А по утрам старательный и хмурый.
Принес два новых перпендикуляра,
и это называлось физкультурой.
Физической культурой.
Теплый день
был назван «всесоюзною линейкой».
За рисованьем шло чистописанье,
а на труду — лепили огурцы.
* * *
В простой оберточной бумаге,
обыкновенной бандеролью,
где за ночь вымокшие флаги
висят отвесно и небольно.
И звуки, мыслящие в шаге,
продавят в тягостном веселье
шероховатости бумаги
невозмутимой нонпарелью.
Мы этот голос не сломали.
И по-другому не умели.
На бледно-голубой эмали,
какая мыслима в апреле…
* * *
Косыми щитами дождей
заставлены лица людей,
больница и зданье райкома,
где снизу деревьев оскома,
а сверху — портреты вождей
заставленыплотнымщитом
каквинныйотделгастронома
икакпредисловиемктому
«Всемирнойистории»том
заставлен, заброшен, забыт,
и воет, как сброшенный с крыши,
вчерашний, зажравшийся, пышный
и бешеный палеолит.
Уставишься втеодолит
урвавсреди ночикусочек —
ондышитбуш уетклокочет
клокочетбу шуеткипит
…м ы ж м е м н а с е д ь м ы х с к о р о с т я х…

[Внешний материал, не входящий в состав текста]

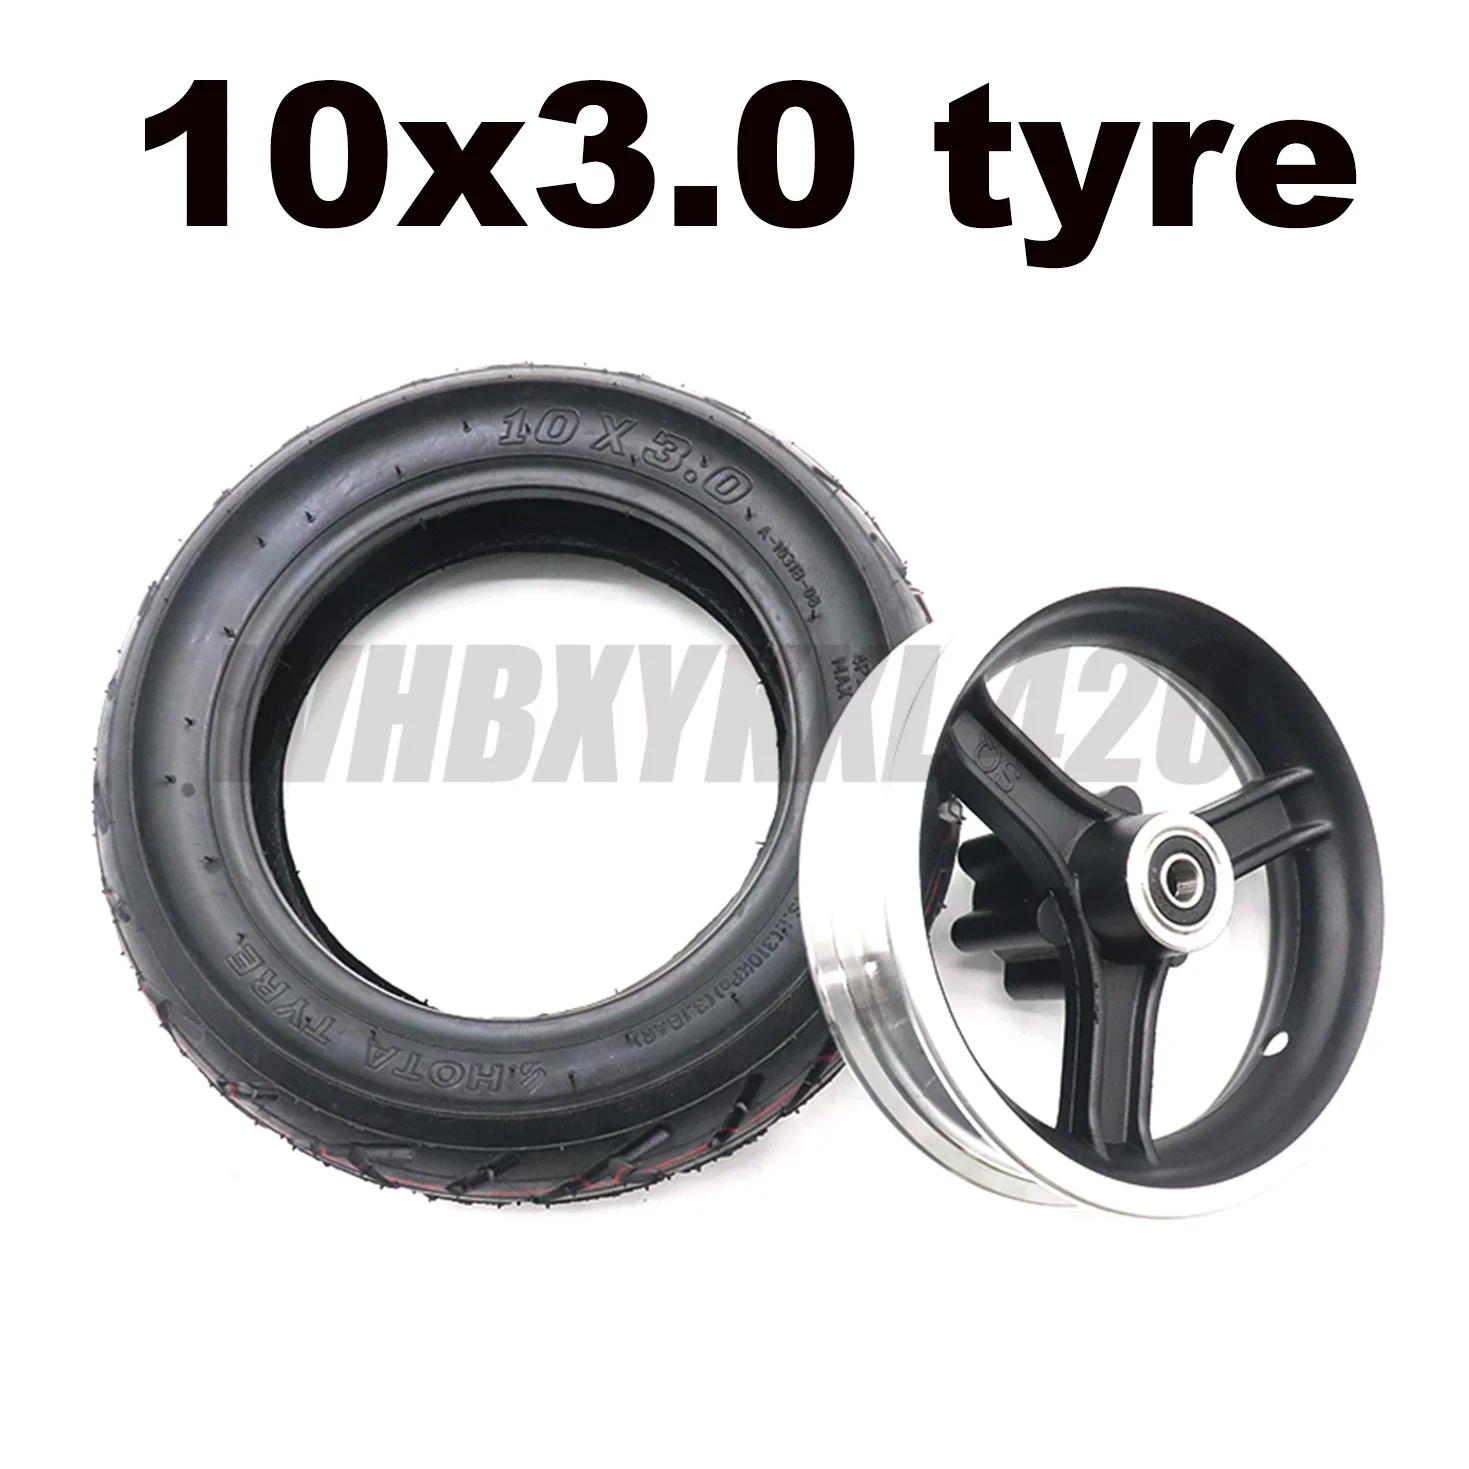 

10 inch HOTA tire 80/65-6 outer tyre tubeless rubber and alloy wheel hub for electric motorcycle scooter 10x3.0 tyre

…в б а р а н к у в ц е п и в ш и с ь н о г т я м и…
…и в д р у г о т к л ю ч а е т с я п а м я т ь…
…н а ч ь и х – т о т я ж е л ы х к о с т я х…

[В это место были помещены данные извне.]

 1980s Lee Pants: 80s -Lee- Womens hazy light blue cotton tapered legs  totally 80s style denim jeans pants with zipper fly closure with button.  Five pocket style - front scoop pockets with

Я вздрогну и спрыгну с коня,
и гляну на правую руку,
когда, улыбаясь, как сука,
ОПРИЧНИК ПОЙДЕТ НА МЕНЯ.
* * *
В.Д.
На Бога, погруженного в материю,
действует выталкивающая сила,
равная крику зарезанных младенцев.
* * *
Процесс приближенья к столу
сродни ожиданию пытки.
Сродни продеванию нитки
в задергавшуюся иглу.
По рельсу, лучу, по ковру,
Ко рву по ковровой дорожке.
– Но только не рвись, пока врешься.
– О Господи, я и не вру.
А мальчик, продолжив игру,
кричит из-за стула: — Сдаешься?
Но только не врись, пока рвешься.
– О Господи, я и не рву.
* * *
Т. З.
Висят на лоджии, как ей
взбрело повесить в понедельник,
футболка, джинсы, легкий тельник,
трусы, похожие на клей.
И все болтается не в лад,
как этот полдень бестолковый.
От водолазки до носков и
обратно мучается взгляд…
Хокку
Я окна открыл.
Пусть ветер гуляет по комнатам,
как центробежный насос.
* * *
Жаркий полдень.
Бутылку вина
ворую в универсаме.
* * *
Зачем ты рискуешь магазином и душистой папироской?
Искришь на солнце, как голубятни, дрожа,
остришь, как на точильном круге стальная полоска,
приближающаяся по форме к форме стального ножа.
Зачем ты заигрываешь с большевиками?
Как собака обнюхивает забор, обнюхиваешь
тибетский гороскоп.
Руки свои, вцепившиеся в ворот рубашки,
отрываешь другими своими руками,
заглядываешь в револьверное дуло,
как в калейдоскоп.
Уже доказана теорема Эйлера.
Поверхностное натяжение стягивает пространство
в холерные бунты,
складывается складками на мундире ефрейтора.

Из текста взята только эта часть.